Why it matters: staff added the phrase "increased stress" in the indirect-loss (harassment) definition to make clear what behavioral effect on livestock triggers non-direct compensation claims such as reduced weight gain or lower pregnancy rates. Brown said the change was driven by commenters who found the word "harassment" too vague and requested language tying the effect to stress in the animals.
Commission discussion focused on the proposed new definition of "attack." Several commissioners asked whether the attack definition could be interpreted to expand or limit coverage and whether it would overlap with indirect claims. Brown and other staff said indirect claims exclude attacks and that the revised attack definition lists demonstrable behaviors (including chasing or imminent physical contact) to reduce ambiguity. Staff also committed to correcting drafting errors flagged during the meeting (for example, changing a misspelling of "pursuing").
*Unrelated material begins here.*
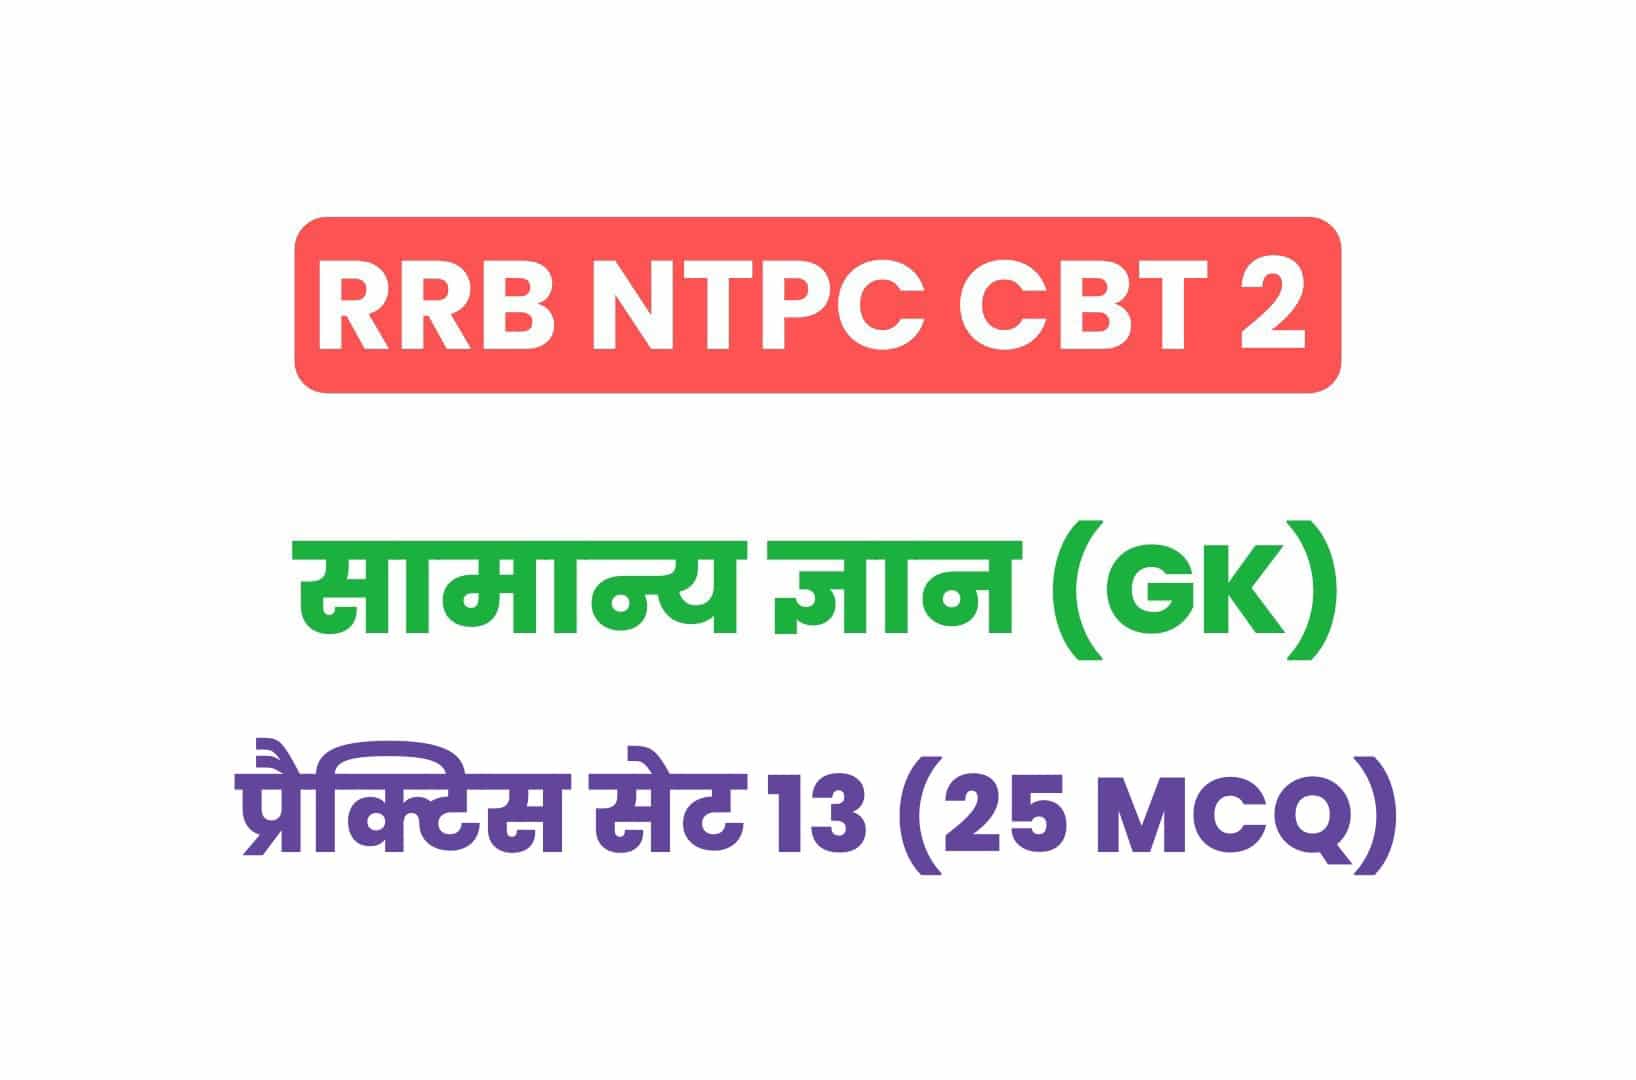 RRB NTPC CBT 2 GK प्रैक्टिस सेट 13: सामान्य ज्ञान के महत्वपूर्ण प्रश्नों का संग्रह, देखें
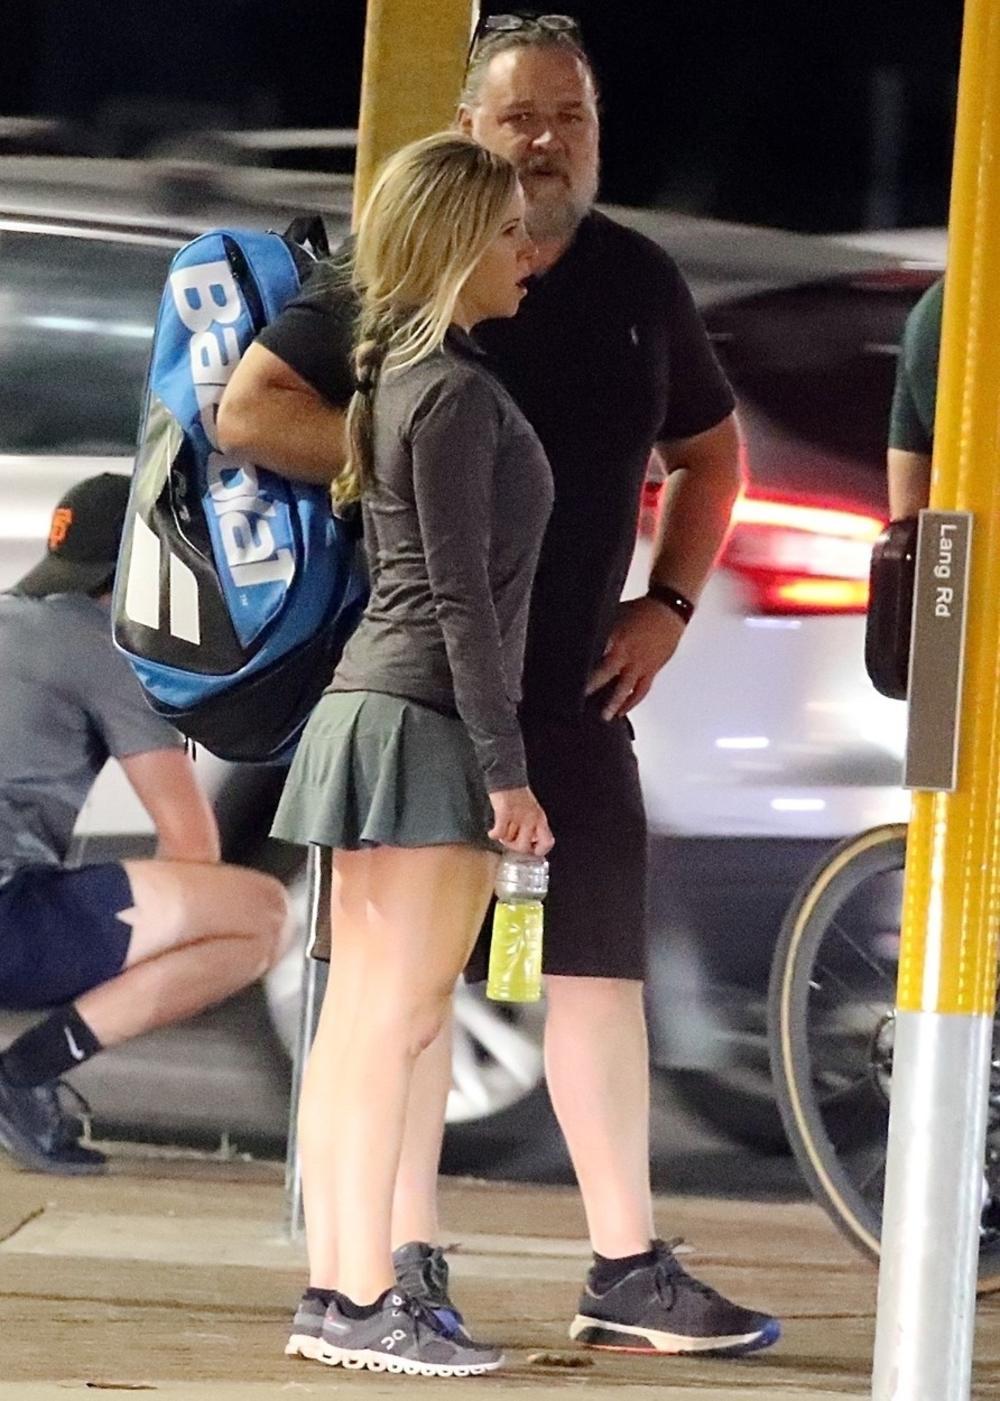 <p>Slavni oskarovac ne pojavljuje se često na društvenim događajima u Australiji, ali je tokom nedavno održanog Australijan opena napravio izuzetak i prvi put izašao u javnost s novom devojkom</p>

Commissioner Linville, who moved adoption, said the rule changes apply to compensation only and are not the department's livestock-interaction protocol for making site-specific management decisions. Commissioner Parker acknowledged lingering ambiguity in language but supported adopting the package and returning later if operational experience shows a need for further edits.
What was decided and next steps: the commission adopted the four amended WACs as presented by staff. Brown said that if the commission's decision stands, the department will proceed with CR filing steps and that the rules would take effect according to the standard CR filing timeline. Staff also said they will produce an internal, shareable guidance document that sets staff timelines and claimant-notification expectations; that guidance will not be part of today's rule text but will be incorporated administratively into processes.
The packet and on-line agenda contain the specific track-change edits and the full text of the proposed WAC amendments for public review.